Gabriela Konstancja Kulka-Stajewska (known as Gaba Kulka, born 1979 in Warsaw, Poland) is an independent artist, a songwriter, and performer.

Biography 
Gabriela Kulka was born to a family of musicians, her father, Konstanty Andrzej Kulka, is a well known Polish violinist and a professor at Chopin Music Academy in Warsaw. Following in her father's footsteps, she endured eight years of classical schooling in violin, but still ended up embracing the piano as a weapon of choice in her songwriting and performing activities.

She recorded her first full-length album, Between Miss Scylla and a Hard Place, in 2003, available in CD-R format. The year 2006 saw the release of her second LP, Out, a full-colour, professionally pressed affair. Both albums were completely independent releases.
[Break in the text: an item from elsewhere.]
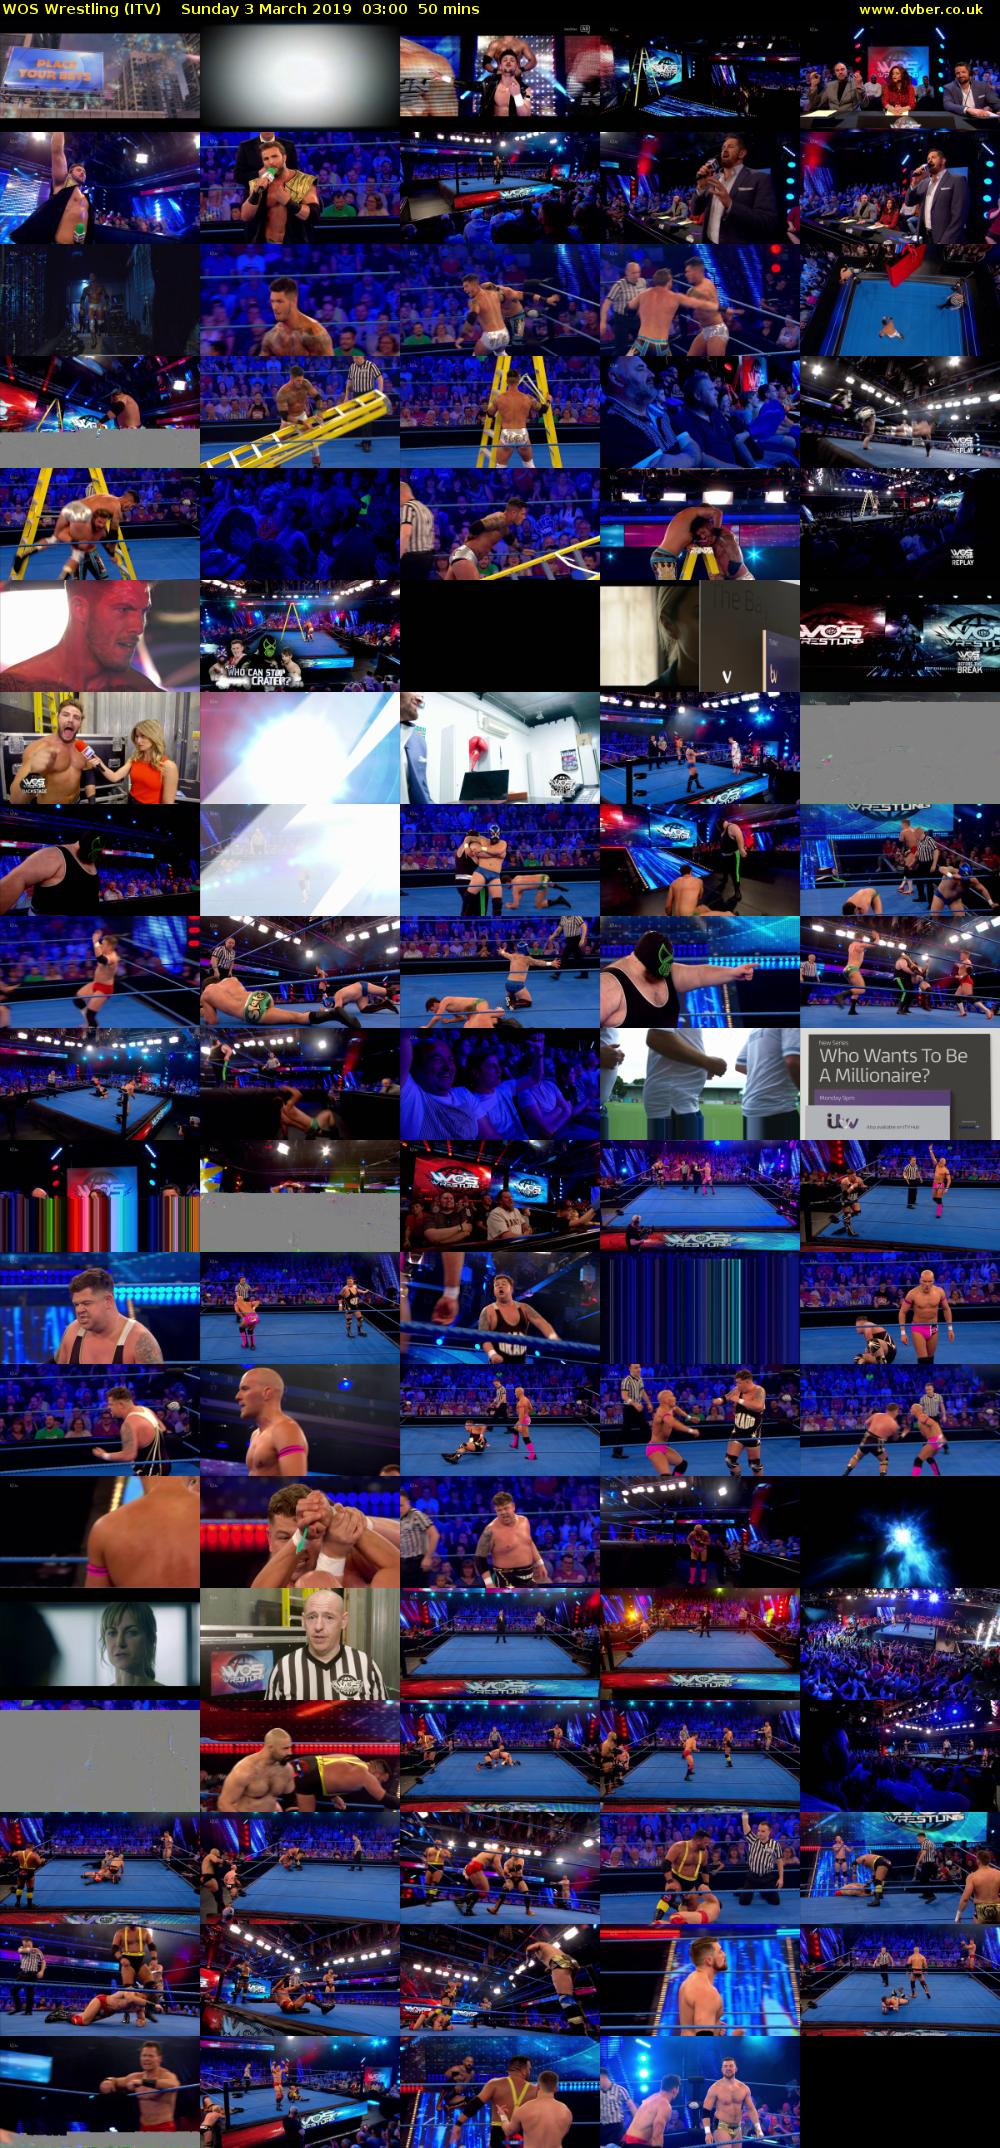 WOS Wrestling (ITV) Sunday 3 March 2019 03:00 - 03:50

Aside from these, Gaba contributed to a (private?) compilation of covers called Songs for Wolf, containing covers of the likes of Björk, Ozzy Osbourne, Neil Diamond, Stevie Nicks and The Church).

In 2009 her third album, Hat, Rabbit, was released by major label Mystic Production and therefore Gaba Kulka gained wider popularity. The album went gold in Poland and with her singles "Niejasności", "Kara Niny" or "Got a Song" the singer became successful in more alternative-oriented radio stations. In the same year she issued her next album, Sleepwalk, a collaboration with Polish singer Konrad Kucz.

Musical style 
Over seven years of writing and recording, Gabriela Kulka developed the singular style of dark musical theatre mixed with a jazzy attitude, and a focus on poetic and quirky lyrics - influenced by Danny Elfman and Kate Bush on equal part. Her output is strongly influenced by classical music, jazz and pop.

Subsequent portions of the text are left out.